Het was bijna een maand geleden dat zij en Ed waren aangekomen, en
er waren niet veel van deze dagen geweest, dat ze allemaal tegelijk
vrij hadden gehad. Niettemin had Connor het gevoel dat hij haar
kende, dat hij haar op een of andere manier al lang kende. Ze was
een van die vrouwen die je vaak aanraakten, niet alsof ze je wilde
versieren, maar op een natuurlijke, onbewuste manier. Als ze je
iets duidelijk wilde maken, legde ze een hand op je arm, en ook al
wist hij dat het niets voorstelde, dat het gewoon een vriendelijk,
zusterlijk gebaar was, het had wel altijd effect op hem. En toen ze
hem na de rodeo had omhelsd, had hij niet geweten waar hij moest
kijken.
'Connor?'
Hij hoorde de stem van zijn moeder. Alle blikken waren op hem
gericht.
'Hallo?' zei Ed. 'Iemand thuis?'
'Sorry. Wat was er?'
'Je moeder wilde weten waar we morgen gaan klimmen.'
'O. We zouden naar de Bitterroots kunnen gaan.'
'Dus jij houdt ook van klimmen, Julia?' vroeg Connors moeder.

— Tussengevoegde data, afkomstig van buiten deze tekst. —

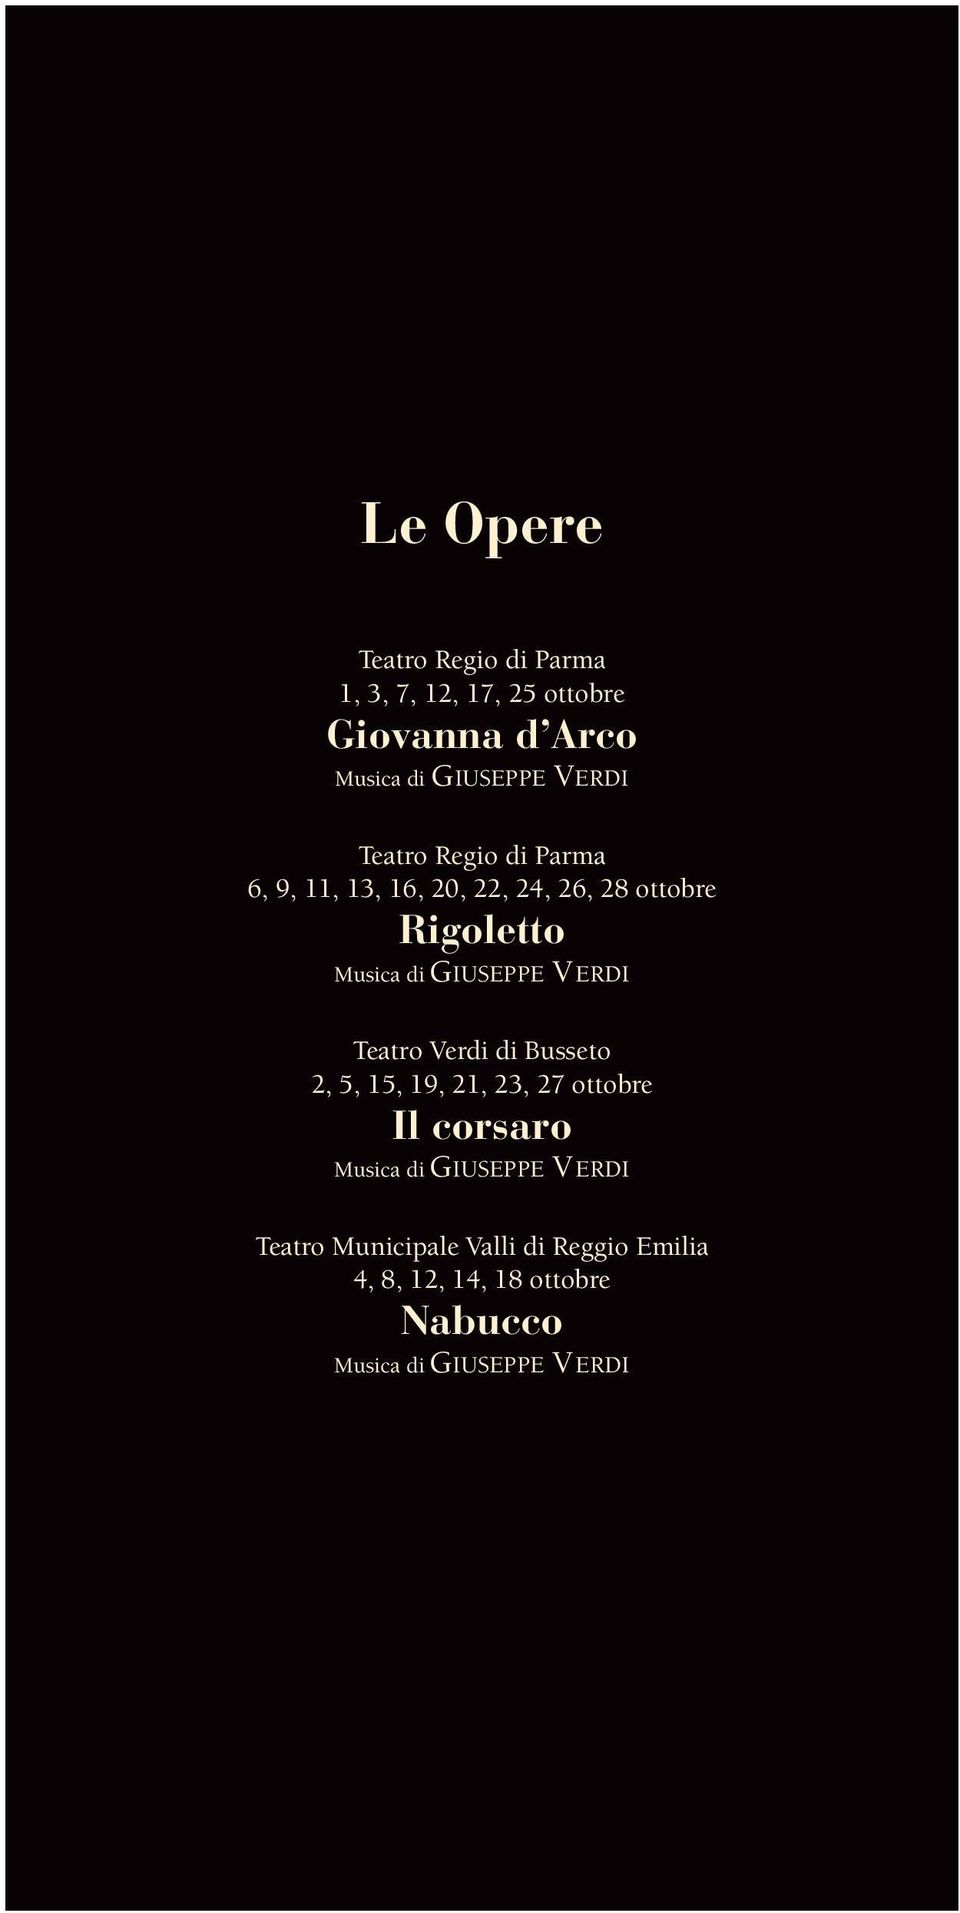 GIUSEPPE VERDI Teatro Verdi di Busseto 2, 5, 15, 19, 21, 23, 27 ottobre Il corsaro Musica di

'Ik heb wel eens geklommen. Ik ben er niet erg goed in.'
'Ze is geweldig,' zei Ed. 'Net alsof je naar Spiderwoman zit te
kijken.'
'Was het maar waar.'
'Nou, pas maar een beetje op met die twee krankzinnigen.'
'Neemt u me niet kwalijk, mevrouw Ford, maar nu ik u vandaag aan
het werk heb gezien denk ik dat het een genenkwestie is.'
'Een Wranglerskwestie,' zei Ed. De moeder van Connor
glimlachte.
'Luister,' zei ze. 'Je hebt vliegtuigen, je hebt bergen en je hebt
paarden. Vertel jij me maar eens waar je het best af kunt
vallen.'
Ze dronken koffie en betaalden de rekening. Connors moeder vroeg of
ze die nacht op de boerderij wilden logeren, maar Connor zei dat ze
beter naar Missoula konden teruggaan als ze morgenvroeg op de berg
wilden zijn. Ze namen afscheid op de parkeerplaats. Connors moeder
gaf Julia haar rodeotrofee.
'Mevrouw Ford, dat kan ik met geen mogelijkheid aannemen,'
protesteerde Julia.
'Tuurlijk wel. Ik heb al te veel van die rommel thuis.'
Julia keek Connor aan.
'Neem het maar aan,' zei deze. 'Ze meent het.'
'Goed. Goed dan. Dank u.' Ze gaf Connors moeder een zoen. 'Ik zal
haar koesteren.'
'Niets te danken,' zei ze, terwijl ze in haar pick-up stapte. 'Als
het de moeite was geweest haar om te smelten had ik haar zelf
gehouden.'
Ze reden naar het zuiden terwijl de avond zacht en blauw om hen
heen neerdaalde. Een stuk rechts van hen stak de Front Range als de
versterkingen van een gevreesd rijk af tegen het laatste rode lint
van de eindigende dag. Door de open ramen kwam de geur van
afkoelende aarde en lang in de zon gebakken sago naar binnen.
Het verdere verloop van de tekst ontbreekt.